Q. Can the vicious cycle of gender inequality, poverty and malnutrition be broken through microfinancing of women SHGs? Explain with examples.
Question from UPSC Mains 2021 GS2 Paper
Model Answer:
Microfinancing Women’s SHGs to Address Gender Inequality, Poverty, and Malnutrition
The vicious cycle of gender inequality, poverty, and malnutrition is deeply entrenched in many societies. Microfinancing of women’s Self-Help Groups (SHGs) offers a potential solution to break this cycle. Here’s how:
Addressing Gender Inequality:
• Microfinancing provides women access to credit, enabling economic empowerment.
• As women contribute to household income, their decision-making power increases.
• This leads to improved social status and independence.
Example: SEWA Bank in Gujarat
Poverty Reduction:
• SHGs facilitate collective savings and provide loans for income-generating activities.
• Increased earnings allow women to invest in productive assets.
• This creates a sustainable path out of poverty.

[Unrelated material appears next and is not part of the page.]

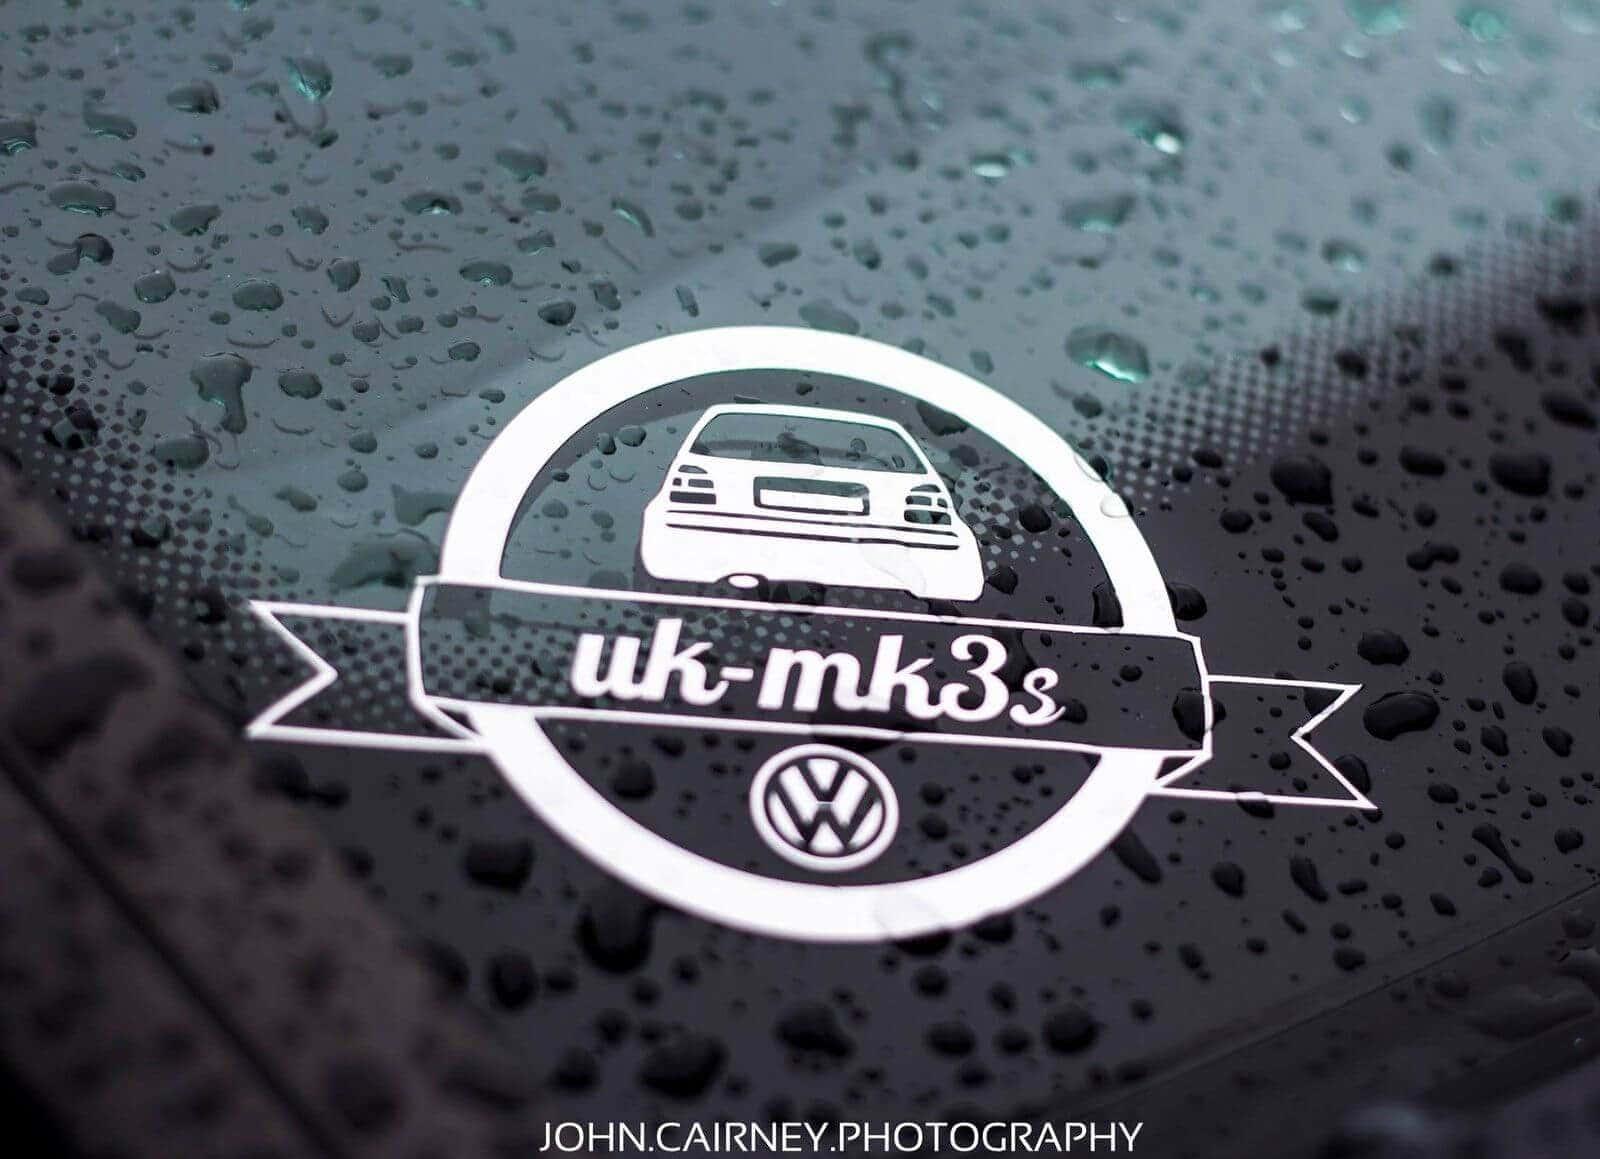 UKMK3s

Example: Kudumbashree program in Kerala
Improving Nutrition:
• Higher incomes lead to better food availability and quality.
• Empowered women are more likely to seek healthcare for themselves and their children.
• SHGs serve as platforms for disseminating nutrition information.
Example: CARE India’s interventions in Bihar
Challenges and Limitations:
• High interest rates and potential debt traps
• Uneven access to markets and skills
• Need for complementary measures in education and healthcare
Despite these challenges, microfinancing of women’s SHGs has shown significant potential in breaking the cycle. Success stories from various states (e.g., Jeevika in Bihar) demonstrate its effectiveness when implemented alongside broader development initiatives.
Conclusion: Microfinancing women’s SHGs can break the cycle by addressing economic, social, and health aspects simultaneously, but must be part of a comprehensive strategy.